Microsoft Unveils New Features for Trustworthy AI Agents
Microsoft has introduced new features to make building trustworthy AI agents easier and more secure. At the company’s annual developer conference, Microsoft Build, the tech giant unveiled platform updates that focus on enhancing the safety and reliability of AI agents.
AI agents are becoming increasingly popular as they can perform tasks on behalf of users, from simple actions like sending emails to complex tasks such as approving procurement orders. However, this increased capability also raises significant safety concerns as these agents access user data.
Enhanced Monitoring and Testing
To address these concerns, Microsoft has introduced new tools to simplify the testing and monitoring of AI agents. Agent Evaluators help measure how well agents understand and carry out user goals, while a new AI Red Teaming Agent automates the red teaming of generative AI systems by recreating realistic attack scenarios. This helps identify vulnerabilities and mitigate risks.
“By using new agentic technology and turning our safety evaluation system into an agent, that will just adversarially red team your system; it is way, way easier to use, and it also results in better testing, because the agent is able to iteratively adversarially attack your system and try to get through,” said Sarah Bird, CPO of Responsible AI at Microsoft.
Improved Observability and Security
The Agent Observability features in Azure AI Foundry provide developers with a single dashboard to view metrics such as performance, quality, cost, and safety throughout the AI development cycle. Defender alerts in Foundry offer real-time visibility into security threats, enabling developers to assess and respond to suspicious activity.
Microsoft has also integrated its Microsoft Purview service with Azure AI Foundry, allowing users to apply enterprise-grade security governance and compliance controls to AI systems.
New Identity Management and Guardrails
Microsoft is introducing the preview of Microsoft Entra Agent ID, which expands access management to AI agents built with Azure AI Foundry and Microsoft Copilot Studio. This allows admins to control access permissions for AI agents similarly to how they manage human identities.
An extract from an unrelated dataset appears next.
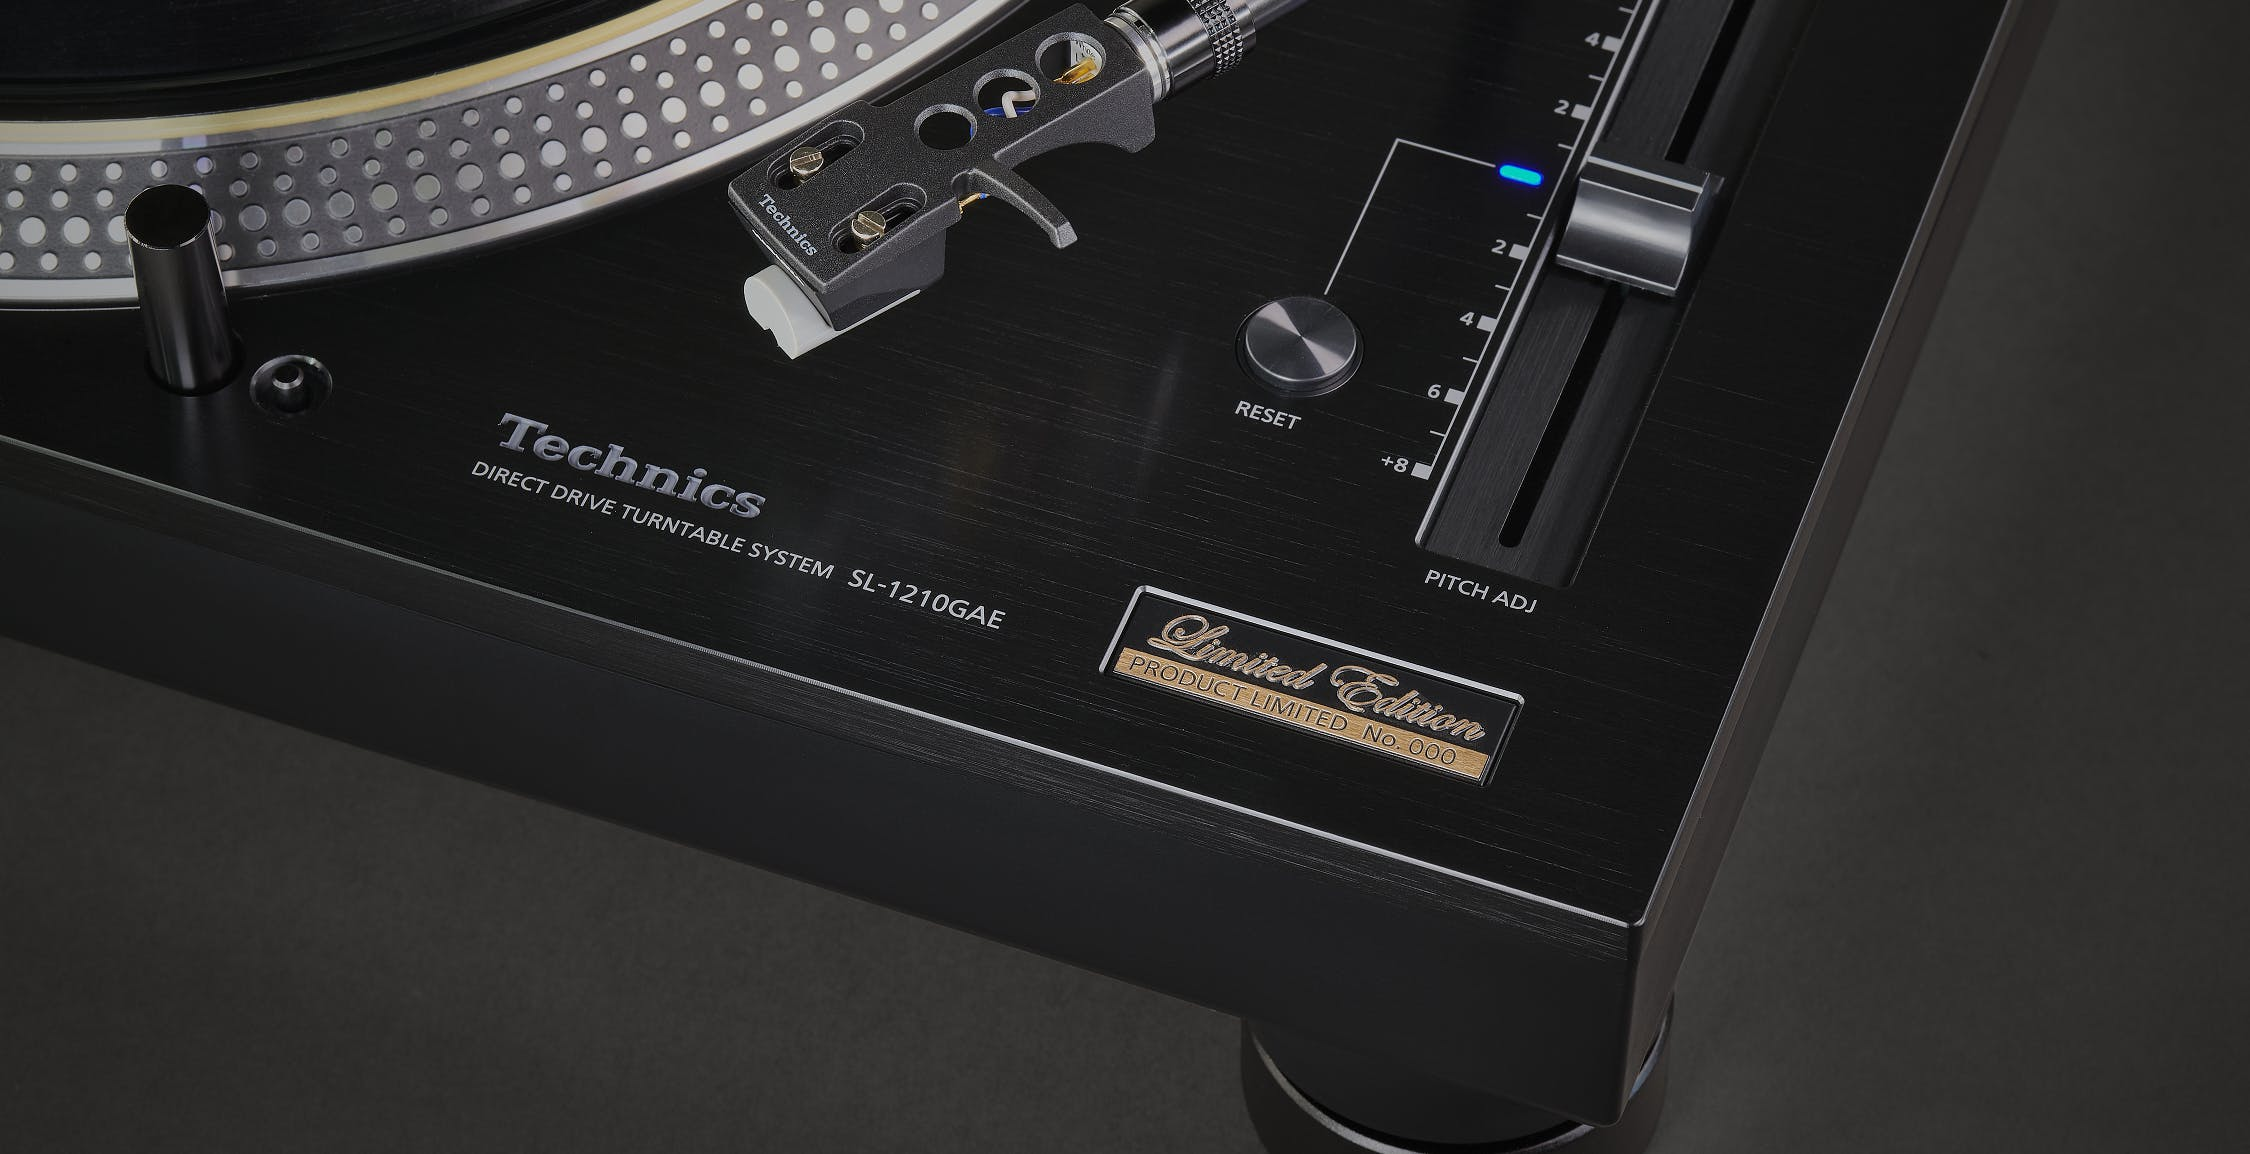 Technics compie 55 anni e festeggia con una Special Edition dell'SL-1210

Additional guardrails include the Spotlighting capability in Content Safety, which strengthens the Prompt Shields guardrail to better detect and stop indirect prompt injections. Other new features include a PII detection guardrail and a task adherence guardrail in Content Safety.
These updates demonstrate Microsoft’s commitment to making AI agents more trustworthy and secure, addressing the growing concerns around their adoption in various industries.